KELLY MCEVERS, HOST:

What if everything we think that's important or interesting or relevant right now will be totally insignificant in the future? Or what if something we don't really appreciate today will be considered great in 200 years, like how people didn't think much of "Moby Dick" when it was written, but now we think it's pretty great? These are the questions that critic Chuck Klosterman asks in his new book. In it, he tries to predict how we will remember the present when it is the past. And he's not too worried about whether he's right or not.

CHUCK KLOSTERMAN: You know, I mean, that's kind of one of the upsides to writing a book like this. I mean, even if I am horribly wrong, of course, we'll all be dead.

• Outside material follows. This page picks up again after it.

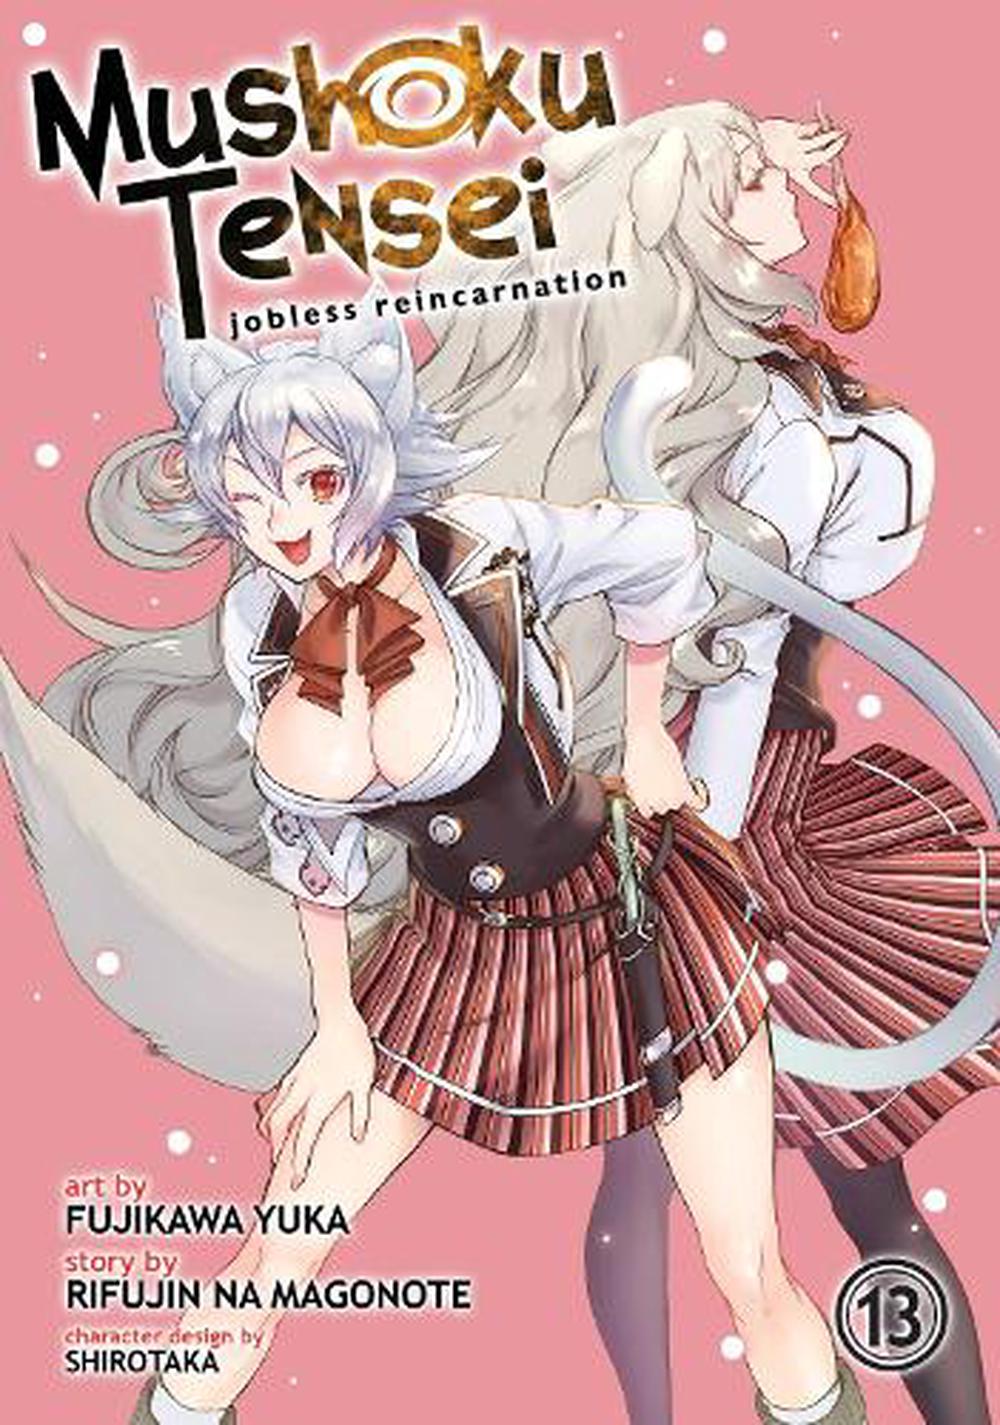 Mushoku Tensei: Jobless Reincarnation (Light Novel) Vol. 24 by
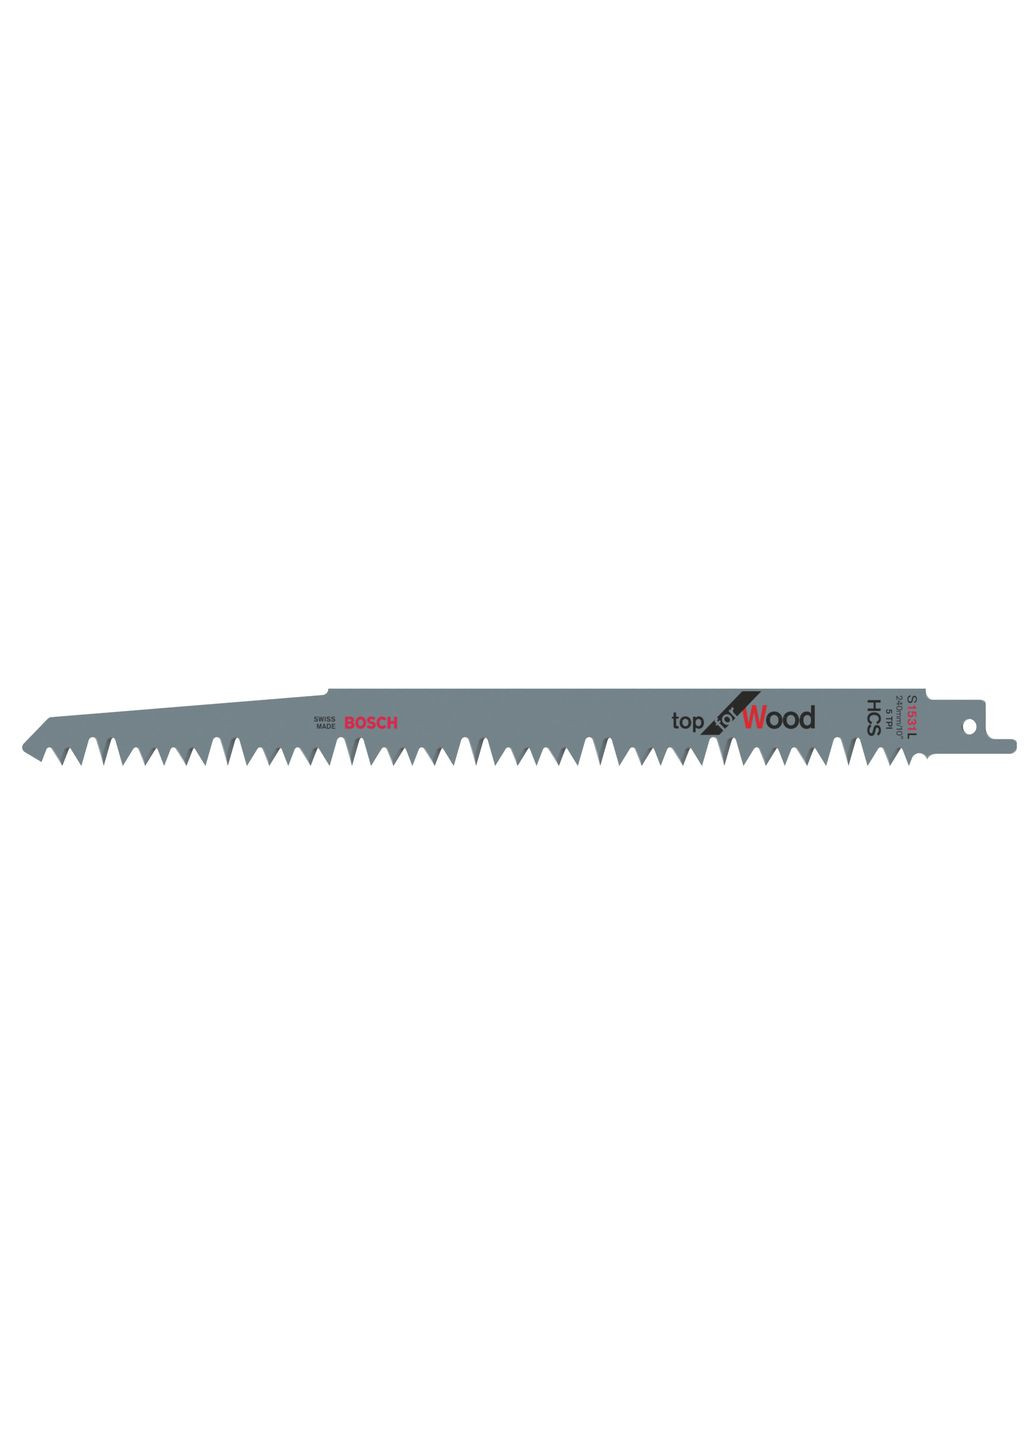 Пильное полотно HCS 2608650676 (S1531L, 240 мм) шабельное для ножовки (23378) Bosch (290253166)

MCEVERS: The new book is called "But What If We're Wrong?" I talked to him about it this week.

KLOSTERMAN: I kept thinking about the way that the history of ideas seems to suggest that virtually everything we fundamentally accept is going to seem absurd to people in 100 or 300 or 1,000 years. So what I tried to do was think about the present day using the criteria we use to think about, say, the 14th century because it doesn't seem the same as the criteria we use for looking at the culture, you know, in a normal, sort of everyday way.

MCEVERS: And so to do this, you got some help, right? You interview a lot of people.

KLOSTERMAN: I did, yeah.

MCEVERS: Many of them dudes - George Saunders, Jonathan Lethem, Neil Degrasse Tyson, Richard Linklater. And you asked them to talk about what will be remembered and how it will be remembered. You tackle literature, music, thought itself. I want to talk about a few of the different, you know, categories that you look at. And of course, I want to start with rock music.

KLOSTERMAN: OK.

MCEVERS: You're basically trying to figure out what rock will come to signify in the future. And what is your conclusion?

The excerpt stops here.